Hospital Readmissions
PICOT Question: Parameters used for assessing the results for a group based on the problem that the CHF patients admitted to the facility within 30 days are not subjected to knowledge on the manner to accomplish their diagnosis, and the facility does not get compensated from the CMS.
Literature Review
Chen (2018) note that health facilities were bold subjects of research as pursed by many other scholars, and the main aim was to establish a methodology that would facilitate providers to understand the economic effect of hospital readmissions on the existing environment. Research studies assert that CMS, as well as hospital readmission, decrease initiatives castigate facilities to a significant extent as opposed to facilities anticipating to be reimbursed for additional readmissions. Notwithstanding, health organizations can develop sound financial performance while minimizing readmissions. The article under scrutiny impacts the significance of reducing hospice readmissions for CHF patients.

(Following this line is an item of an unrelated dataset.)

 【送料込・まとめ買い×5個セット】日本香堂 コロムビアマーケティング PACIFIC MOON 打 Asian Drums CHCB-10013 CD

Switch from hospital-based care to home-based care is a susceptible session of the gap and has the latent fir adverse events. Numerous healthcare providers should desist from considering discharge as a termination to their obligation to patients, but they should try to advance an effective and innocuous alteration of care (Polit & Beck, 2008). The above resource attempt to demonstrate the imperative of providers’ role in sealing the gap that exists between outpatient care and inpatient care via ideal discharge planning as well as effective communication with patients, outpatient physicians, and family members.

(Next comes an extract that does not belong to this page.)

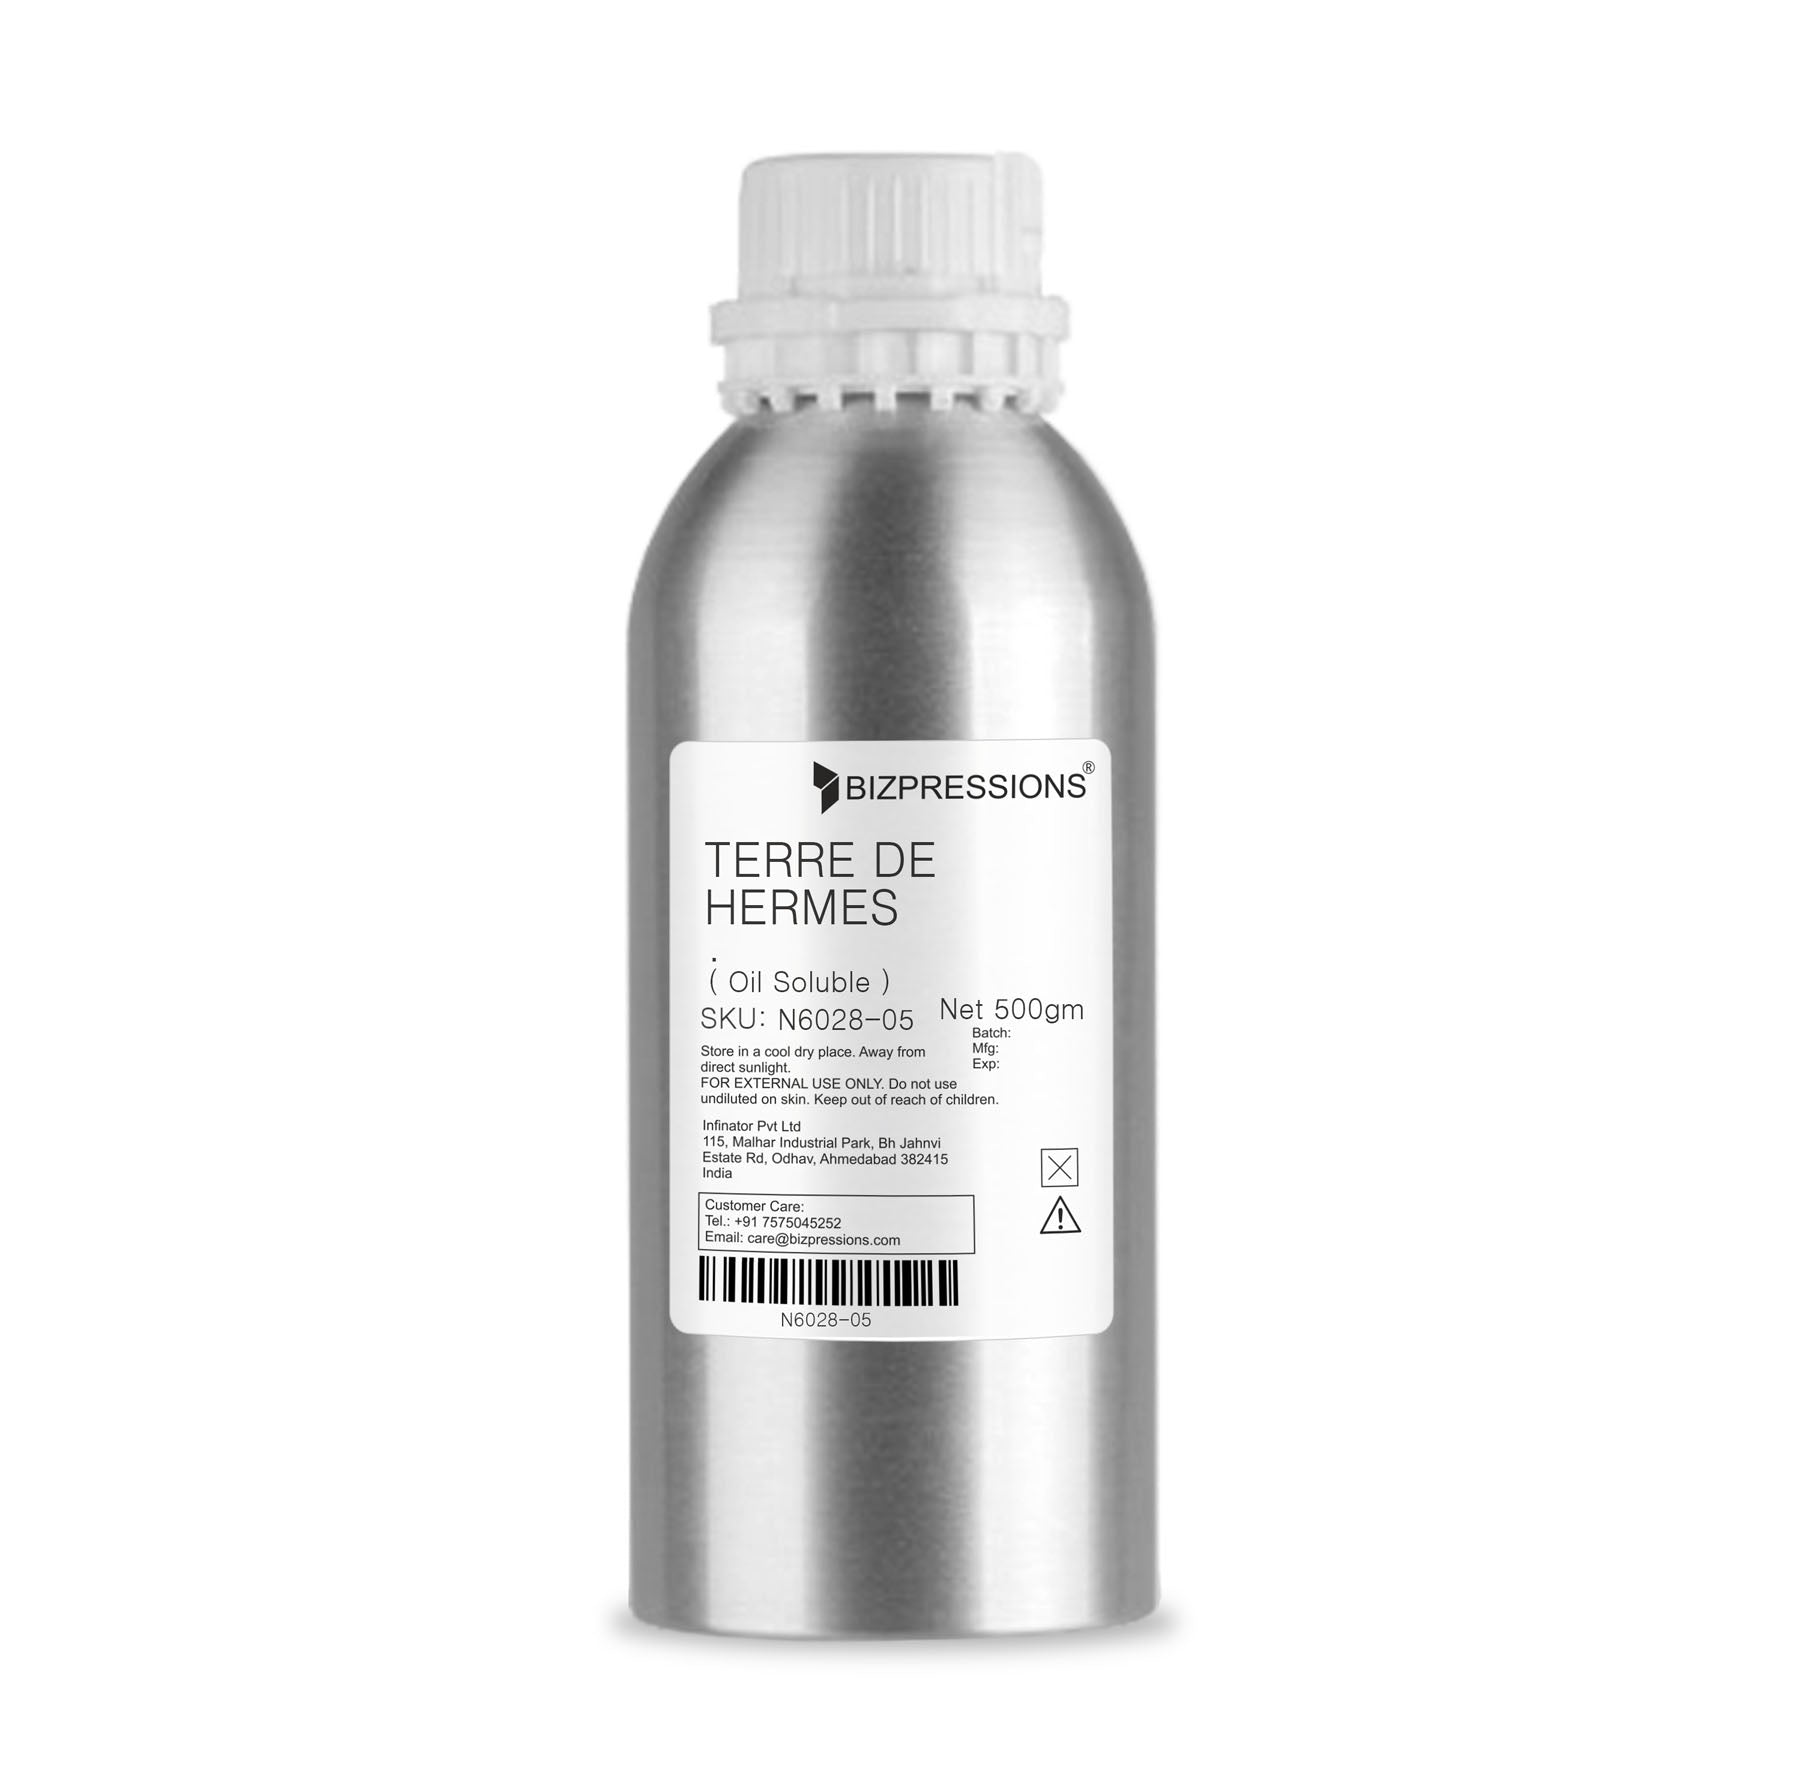 TERRE DE HERMES - Fragrance ( Oil Soluble ) - 500 gm

It is worth noting that hospital readmissions tend to occur as a consequence of communication breakdown, ineffective coordination of services, incomplete discharge course, incomplete intervention, and insufficient access to care (Chen, 2018). Other research sources reveal that nurses are incapable of accomplishing fundamental nursing care because of the different staff sequences, workload, patient acuities, which result in erroneous nursing care hence significantly affecting the quality of care and patient safety.
References
Chen, C. M. (2018). Reducing Hospital Readmissions: IDEAL Discharge Planning for Heart Failure Management.
Polit, D. F., & Beck, C. T. (2008). Nursing research: Generating and assessing evidence for nursing practice. Lippincott Williams & Wilkins.